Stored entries
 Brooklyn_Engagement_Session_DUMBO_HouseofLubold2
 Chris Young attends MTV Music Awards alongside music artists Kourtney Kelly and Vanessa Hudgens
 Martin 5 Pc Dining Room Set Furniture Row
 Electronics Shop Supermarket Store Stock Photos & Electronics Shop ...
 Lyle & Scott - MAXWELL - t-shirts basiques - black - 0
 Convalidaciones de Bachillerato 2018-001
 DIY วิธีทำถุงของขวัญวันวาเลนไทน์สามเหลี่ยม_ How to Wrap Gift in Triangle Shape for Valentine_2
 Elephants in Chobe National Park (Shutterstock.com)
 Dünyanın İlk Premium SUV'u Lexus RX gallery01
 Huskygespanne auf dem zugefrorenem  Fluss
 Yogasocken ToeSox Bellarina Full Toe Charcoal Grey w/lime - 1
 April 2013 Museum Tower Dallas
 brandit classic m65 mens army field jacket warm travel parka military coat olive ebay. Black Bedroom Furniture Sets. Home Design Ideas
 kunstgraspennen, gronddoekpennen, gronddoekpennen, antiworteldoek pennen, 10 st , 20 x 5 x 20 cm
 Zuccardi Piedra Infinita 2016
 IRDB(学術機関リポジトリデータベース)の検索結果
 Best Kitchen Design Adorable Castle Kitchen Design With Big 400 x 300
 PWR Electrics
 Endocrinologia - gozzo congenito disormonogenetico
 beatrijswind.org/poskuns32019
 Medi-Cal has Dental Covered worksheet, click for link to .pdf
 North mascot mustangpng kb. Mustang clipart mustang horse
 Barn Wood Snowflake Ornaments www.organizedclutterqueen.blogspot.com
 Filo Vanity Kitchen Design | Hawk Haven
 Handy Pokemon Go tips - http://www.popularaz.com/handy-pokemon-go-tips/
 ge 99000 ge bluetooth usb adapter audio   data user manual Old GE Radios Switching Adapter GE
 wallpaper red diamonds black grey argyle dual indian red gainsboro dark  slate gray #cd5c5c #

• [Your goal] An exact transcription of the data above is required.

• [Task result]
 Brooklyn_Engagement_Session_DUMBO_HouseofLubold2
 Chris Young attends MTV Music Awards alongside music artists Kourtney Kelly and Vanessa Hudgens
 Martin 5 Pc Dining Room Set Furniture Row
 Electronics Shop Supermarket Store Stock Photos & Electronics Shop ...
 Lyle & Scott - MAXWELL - t-shirts basiques - black - 0
 Convalidaciones de Bachillerato 2018-001
 DIY วิธีทำถุงของขวัญวันวาเลนไทน์สามเหลี่ยม_ How to Wrap Gift in Triangle Shape for Valentine_2
 Elephants in Chobe National Park (Shutterstock.com)
 Dünyanın İlk Premium SUV'u Lexus RX gallery01
 Huskygespanne auf dem zugefrorenem  Fluss
 Yogasocken ToeSox Bellarina Full Toe Charcoal Grey w/lime - 1
 April 2013 Museum Tower Dallas
 brandit classic m65 mens army field jacket warm travel parka military coat olive ebay. Black Bedroom Furniture Sets. Home Design Ideas
 kunstgraspennen, gronddoekpennen, gronddoekpennen, antiworteldoek pennen, 10 st , 20 x 5 x 20 cm
 Zuccardi Piedra Infinita 2016
 IRDB(学術機関リポジトリデータベース)の検索結果
 Best Kitchen Design Adorable Castle Kitchen Design With Big 400 x 300
 PWR Electrics
 Endocrinologia - gozzo congenito disormonogenetico
 beatrijswind.org/poskuns32019
 Medi-Cal has Dental Covered worksheet, click for link to .pdf
 North mascot mustangpng kb. Mustang clipart mustang horse
 Barn Wood Snowflake Ornaments www.organizedclutterqueen.blogspot.com
 Filo Vanity Kitchen Design | Hawk Haven
 Handy Pokemon Go tips - http://www.popularaz.com/handy-pokemon-go-tips/
 ge 99000 ge bluetooth usb adapter audio   data user manual Old GE Radios Switching Adapter GE
 wallpaper red diamonds black grey argyle dual indian red gainsboro dark  slate gray #cd5c5c #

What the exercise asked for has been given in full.